#### Supplied information:

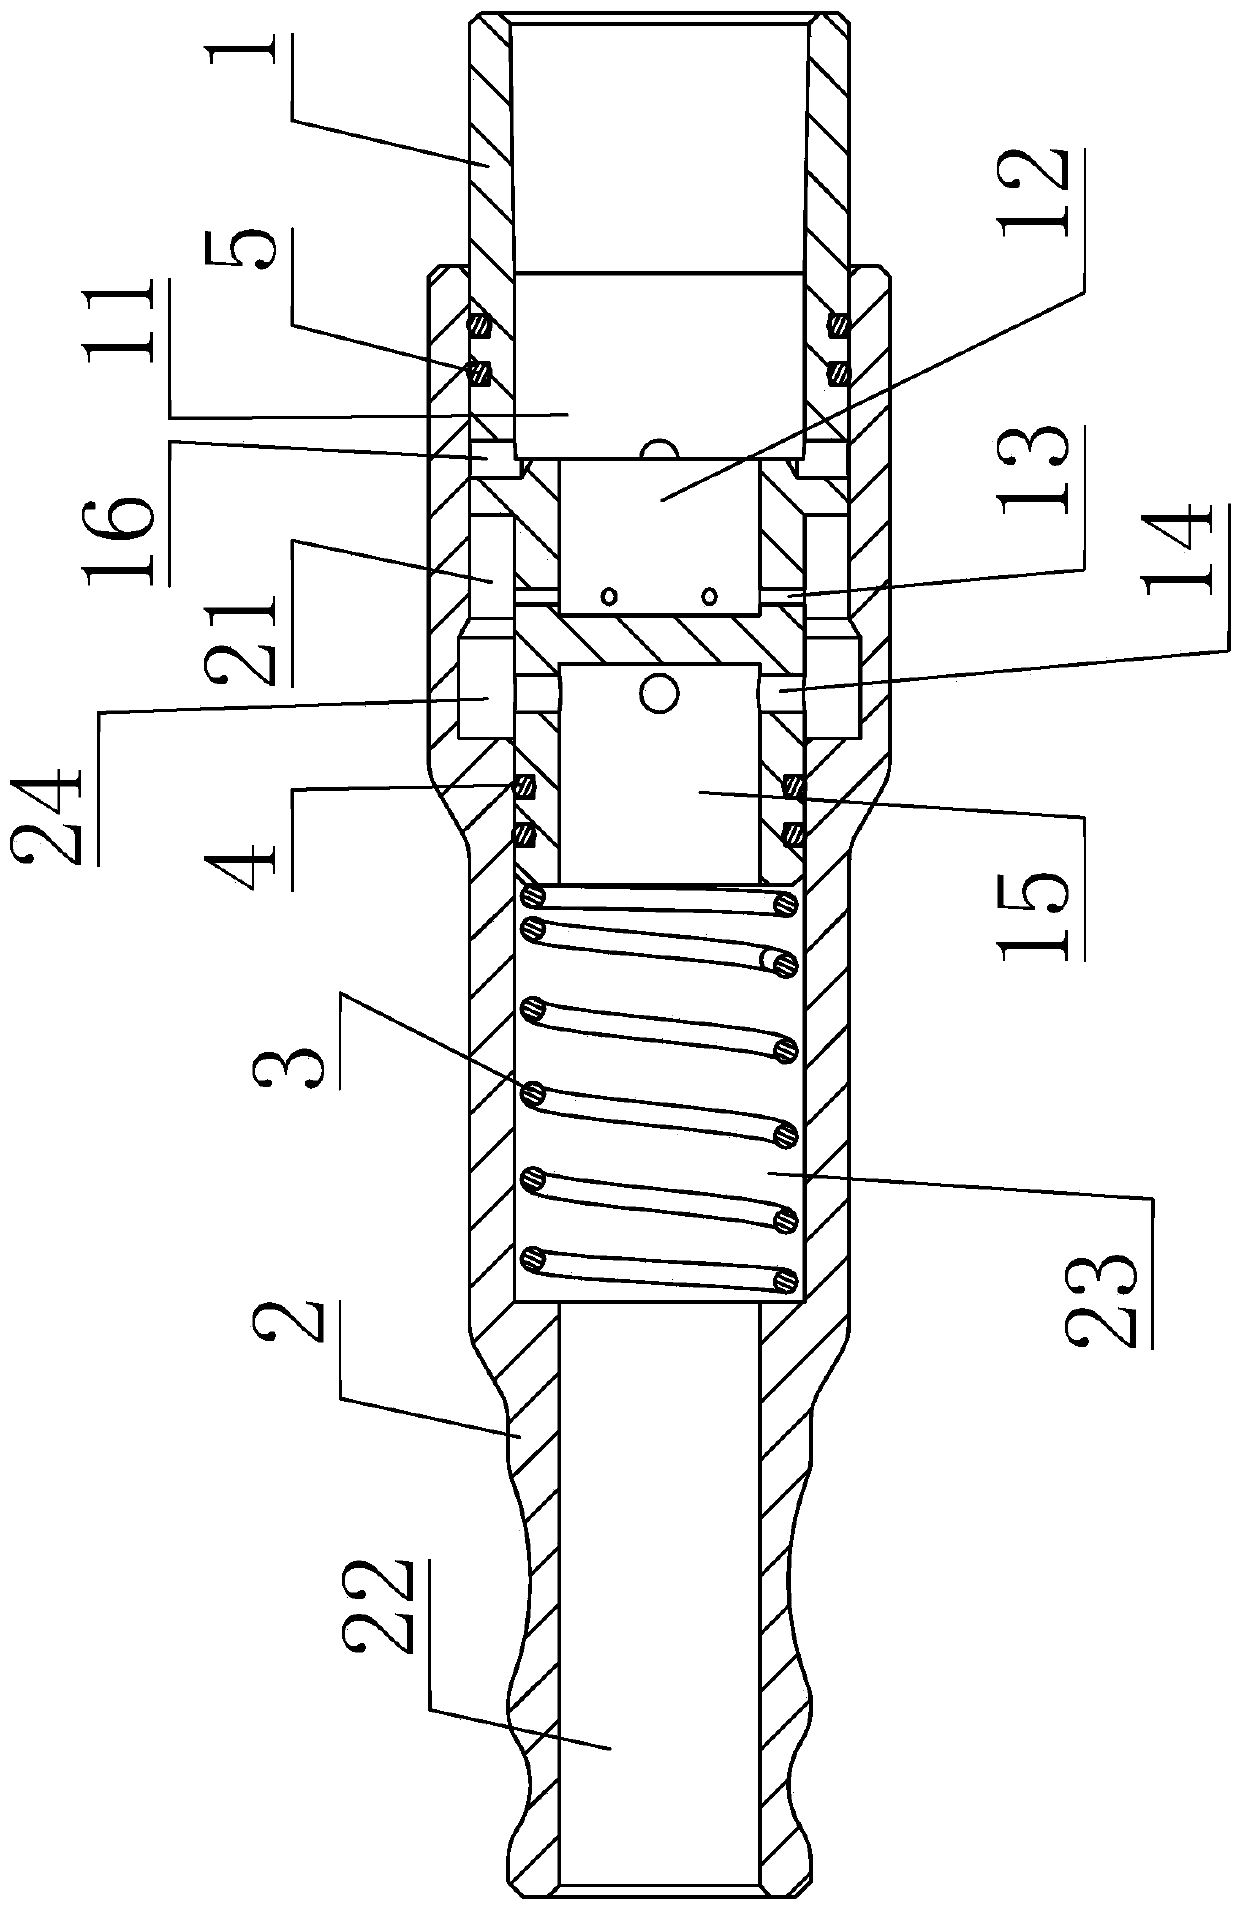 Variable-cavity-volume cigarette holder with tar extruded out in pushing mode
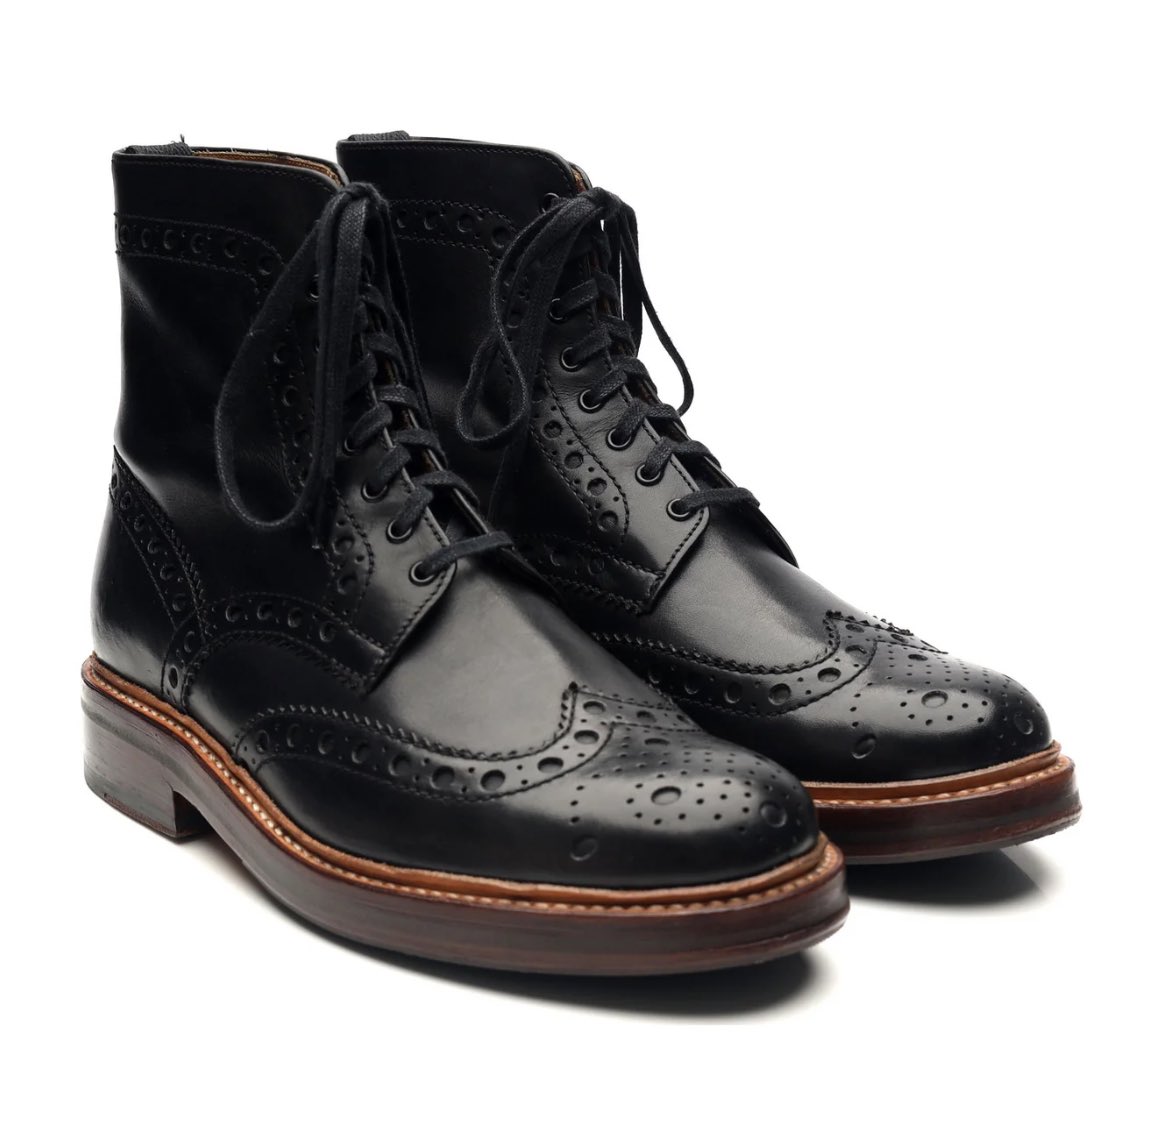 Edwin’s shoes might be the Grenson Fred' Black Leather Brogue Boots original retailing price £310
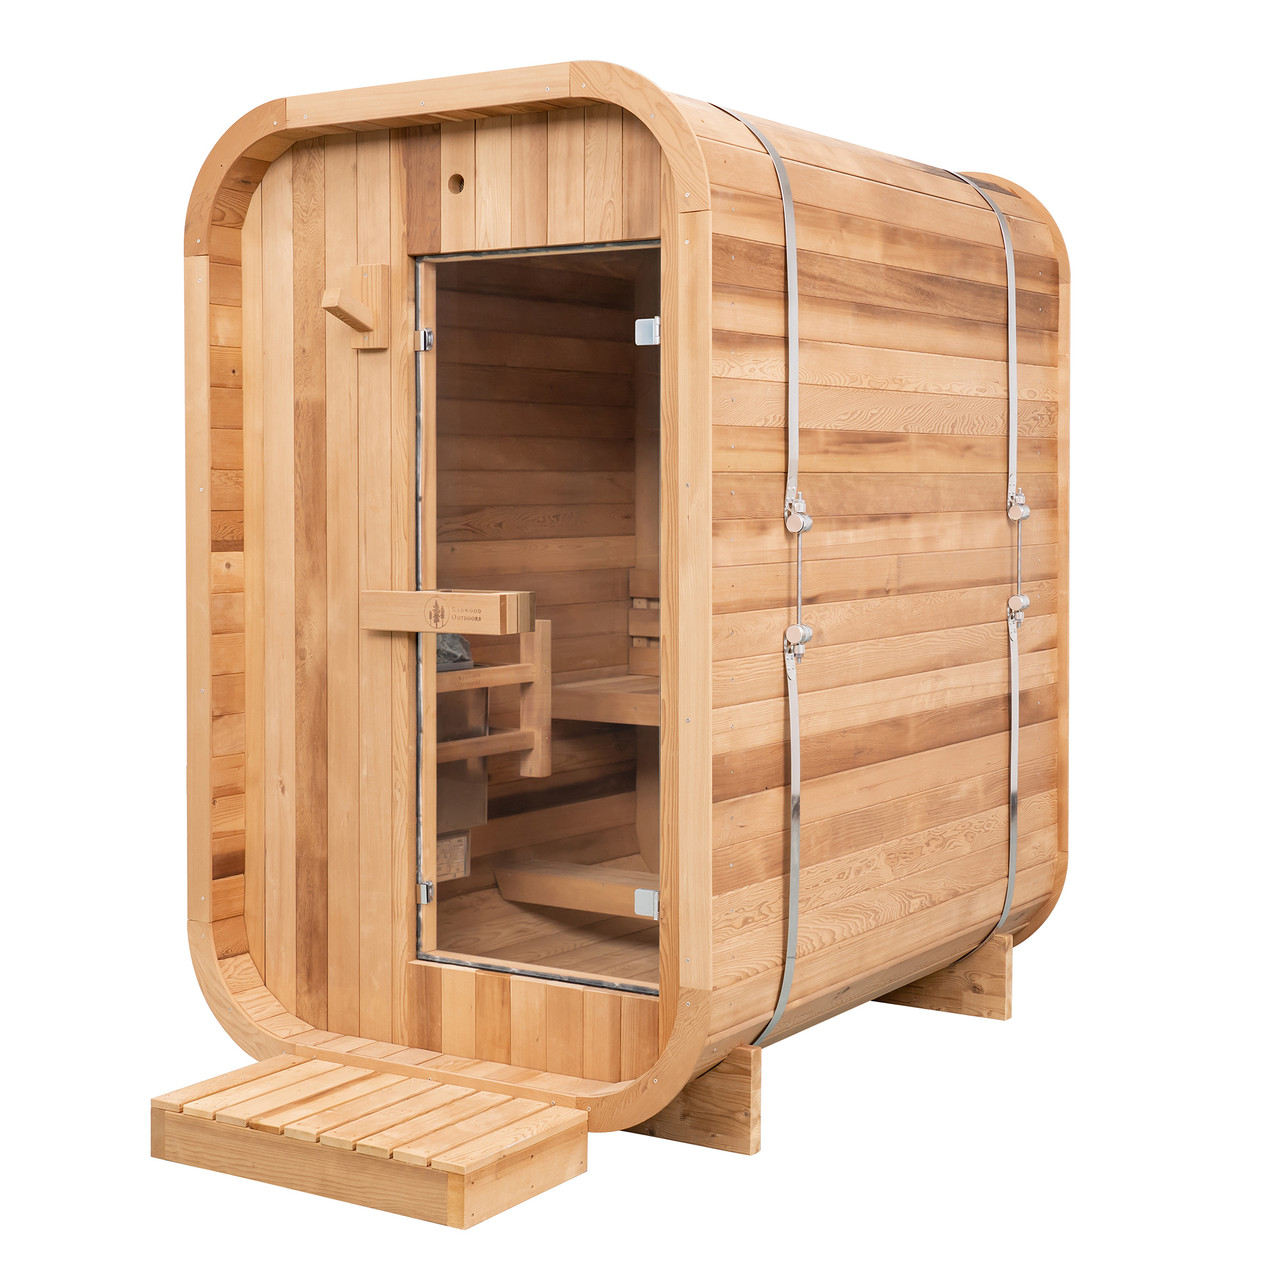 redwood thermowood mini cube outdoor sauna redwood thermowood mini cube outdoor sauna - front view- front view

#### What needs to be done:
With images omitted, retype the data word for word.

#### Output below:
 Variable-cavity-volume cigarette holder with tar extruded out in pushing mode
 Edwin’s shoes might be the Grenson Fred' Black Leather Brogue Boots original retailing price £310
 redwood thermowood mini cube outdoor sauna redwood thermowood mini cube outdoor sauna - front view- front view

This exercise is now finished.